Nearly 15 years ago, the management of a large company had a novel idea about how to encourage its employees to enroll in 401K savings plans. It wasn’t by creating more attractive savings schemes, but by automatically enrolling their employees into the same plans they’d otherwise ignored. The employees could opt or change plans, but few did. Facing a complex decision they were poorly equipped to make, people went with the default option.
Those who study behavior have long recognized the privileged place held by the default—the action taken if a person fails to make a decision. The rules are true in savings plans and car insurance and organ donation. But we consistently and—research now suggests—wrongly, assume that when people are posed with questions about death, decision-making should be inherently different.
My patient was nearly 80 years old and had lung cancer and a pneumonia. I had been a doctor for about a month. It occurred to me one evening, watching her oxygen levels plummet with each paroxysm of cough, that I should probably ask her what she’d want us to do if she got sicker.
“Some patients ask us to do everything,” I told her. “That means electrical shocks, a breathing tube, the ICU. We could do that. Other patients tell us that they don’t want any of this and would prefer just to be comfortable.”
She finally answered: “Well, I don’t know. If my heart stopped tonight? Do everything.”
I made a check mark on my to do list for the evening and thought about the way it feels when ribs break under your hands during chest compressions.
I know that my intentions were good. After all, our intentions generally are. But perhaps our assumptions are flawed, and this is what gets us into trouble. At the University of Pennsylvania, Dr. Scott Halpern, an assistant professor, runs a program that aims to improve end-of-life care by studying how people make decisions. His group recently tested the idea that end-of-life decisions could be influenced by the way options were presented.
They asked more than 100 patients with terminal diseases to fill out one of three advance directives. Two of the sample advance directives had one option already checked off. This was the default—in one the default requested doctors to focus on comfort, the other set asked to extend life at all cost. In either scenario, the patient was free to choose a different option.

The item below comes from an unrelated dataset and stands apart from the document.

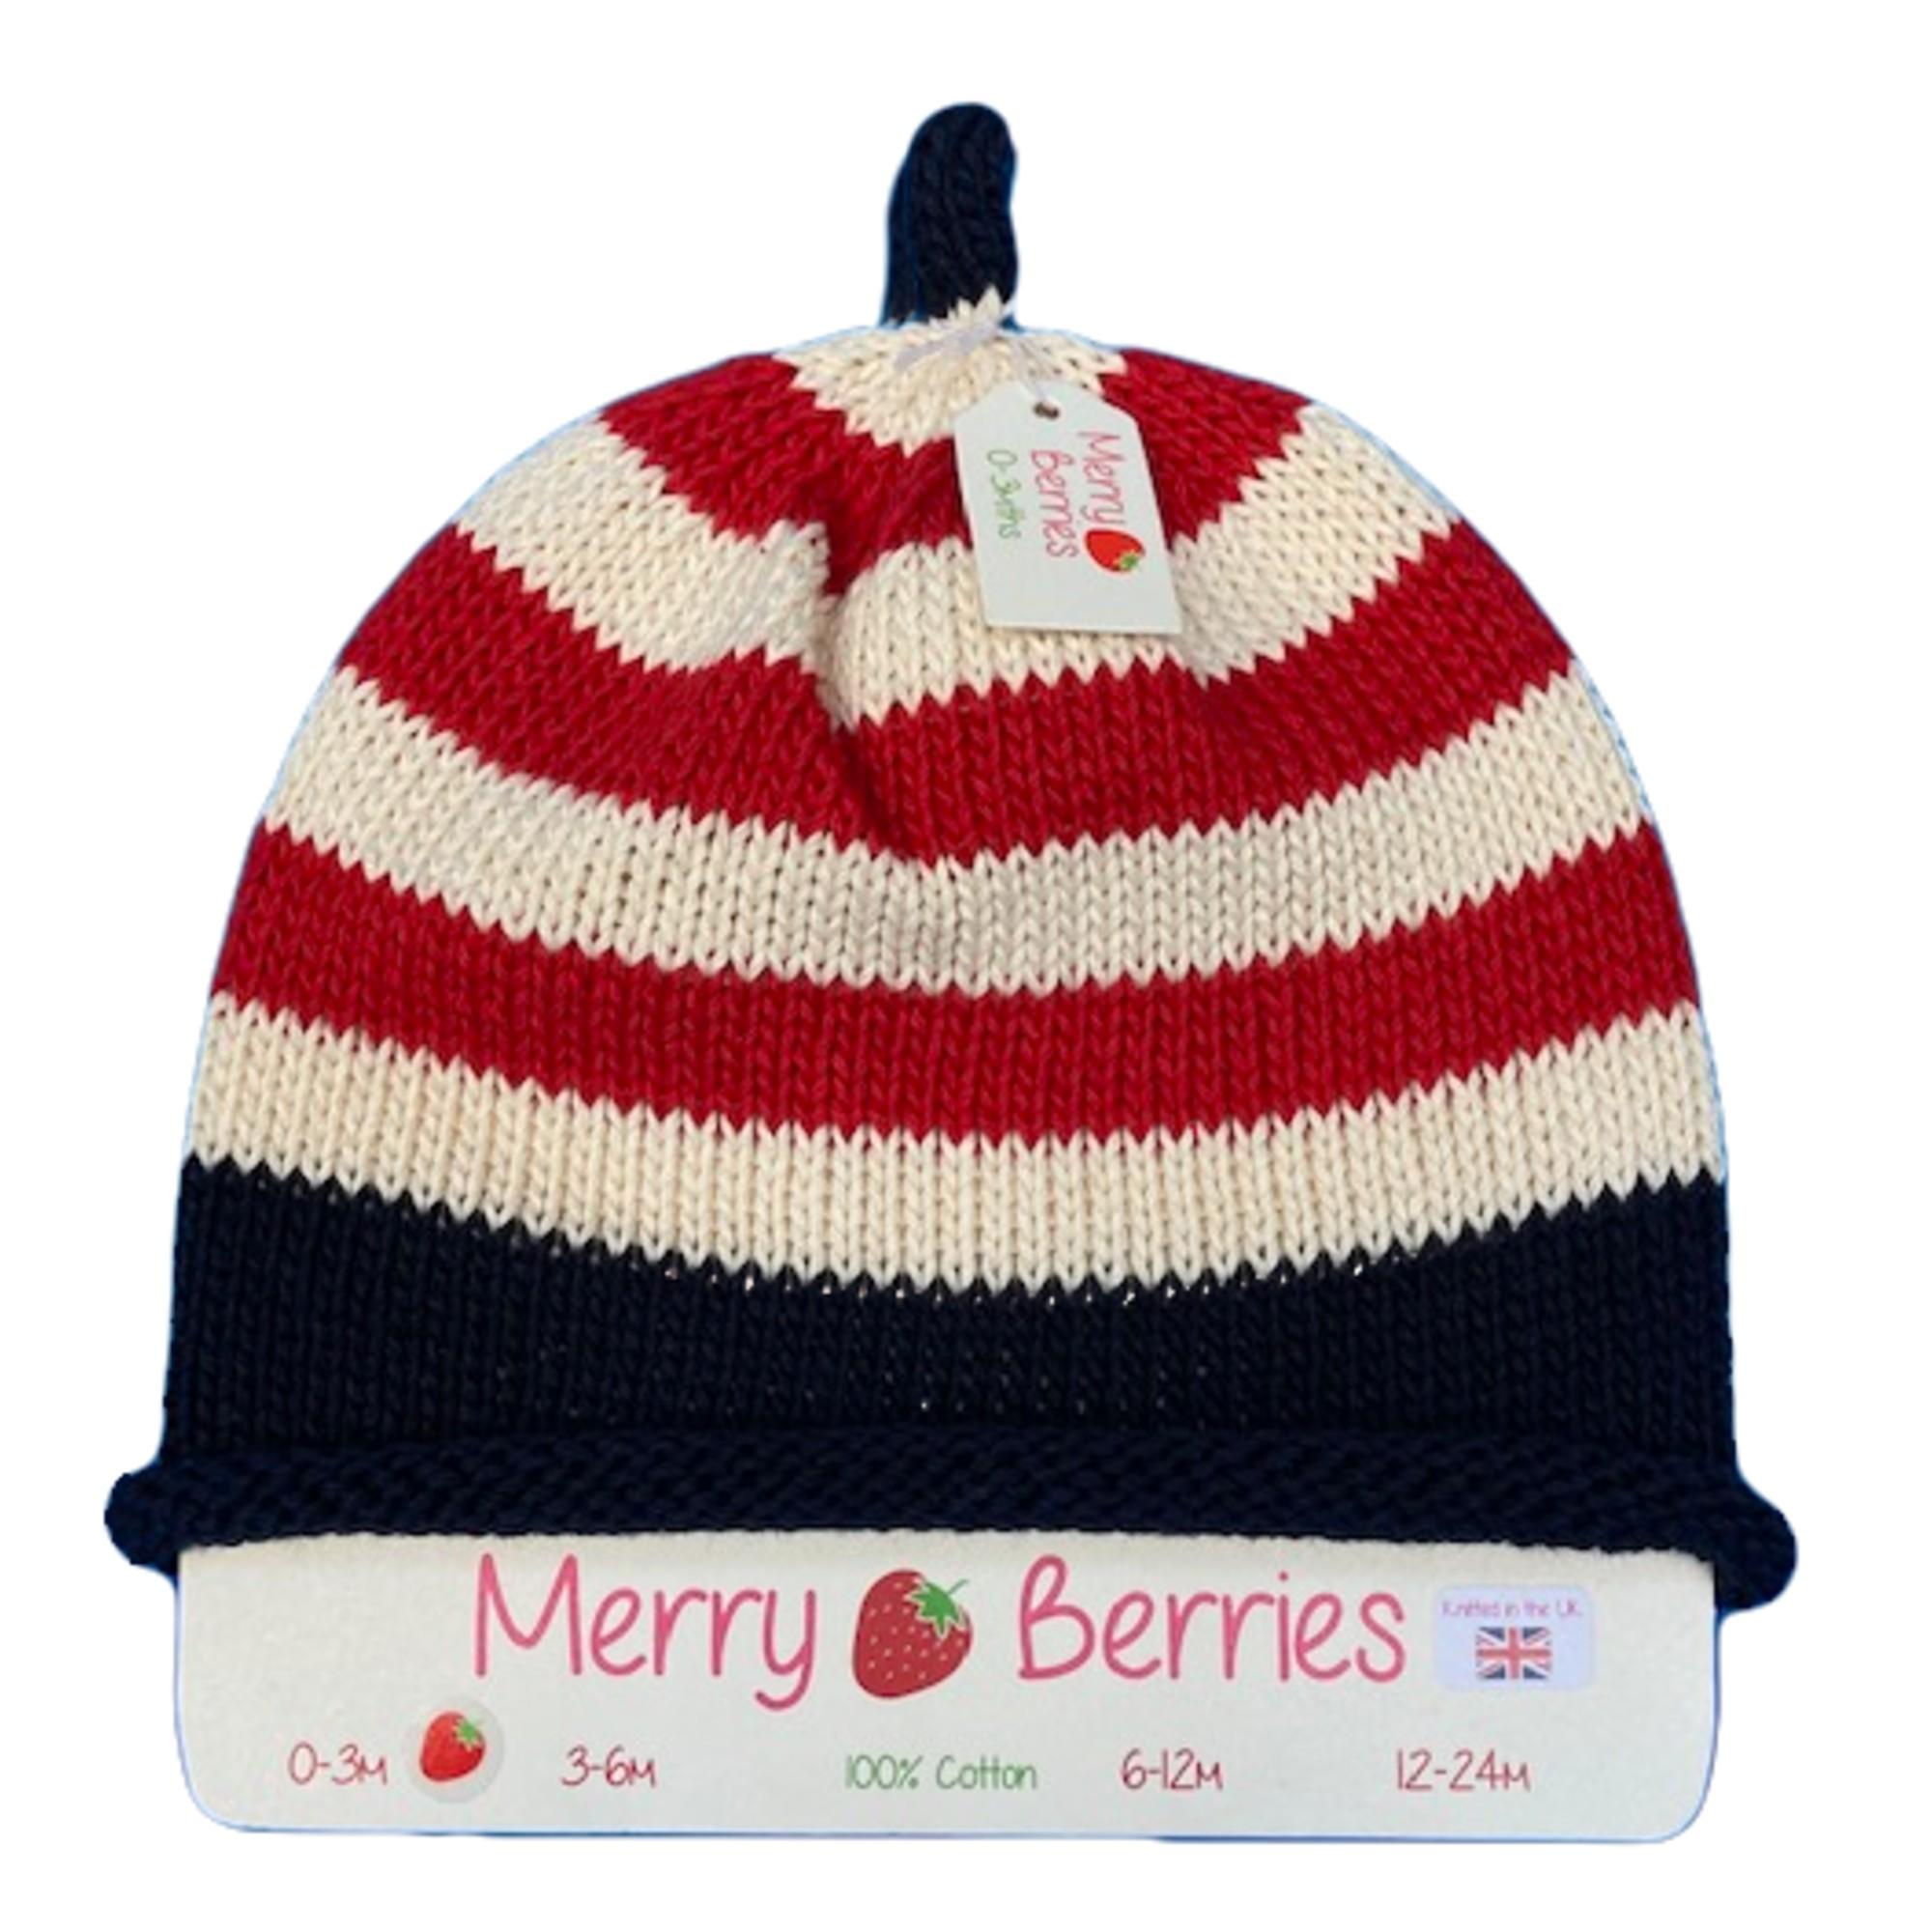 Merry Berries - Cream red navy striped Knitted baby Hat-0-24mths-Cotton

My conversations have always assumed that regardless of how I present the information, people should be “immune,” as Halpern says, to the types of bias that plague other decision-making arenas. But that’s not the case. Patients were more likely to elect to receive comfort-oriented care at the end of their lives if that was the default option they were randomly assigned. The default options also changed people’s decisions about chest compressions and breathing machines and feeding tubes.
The patients weren’t any different but the default options were and thus, so was the care these groups said they’d want at the ends of their lives.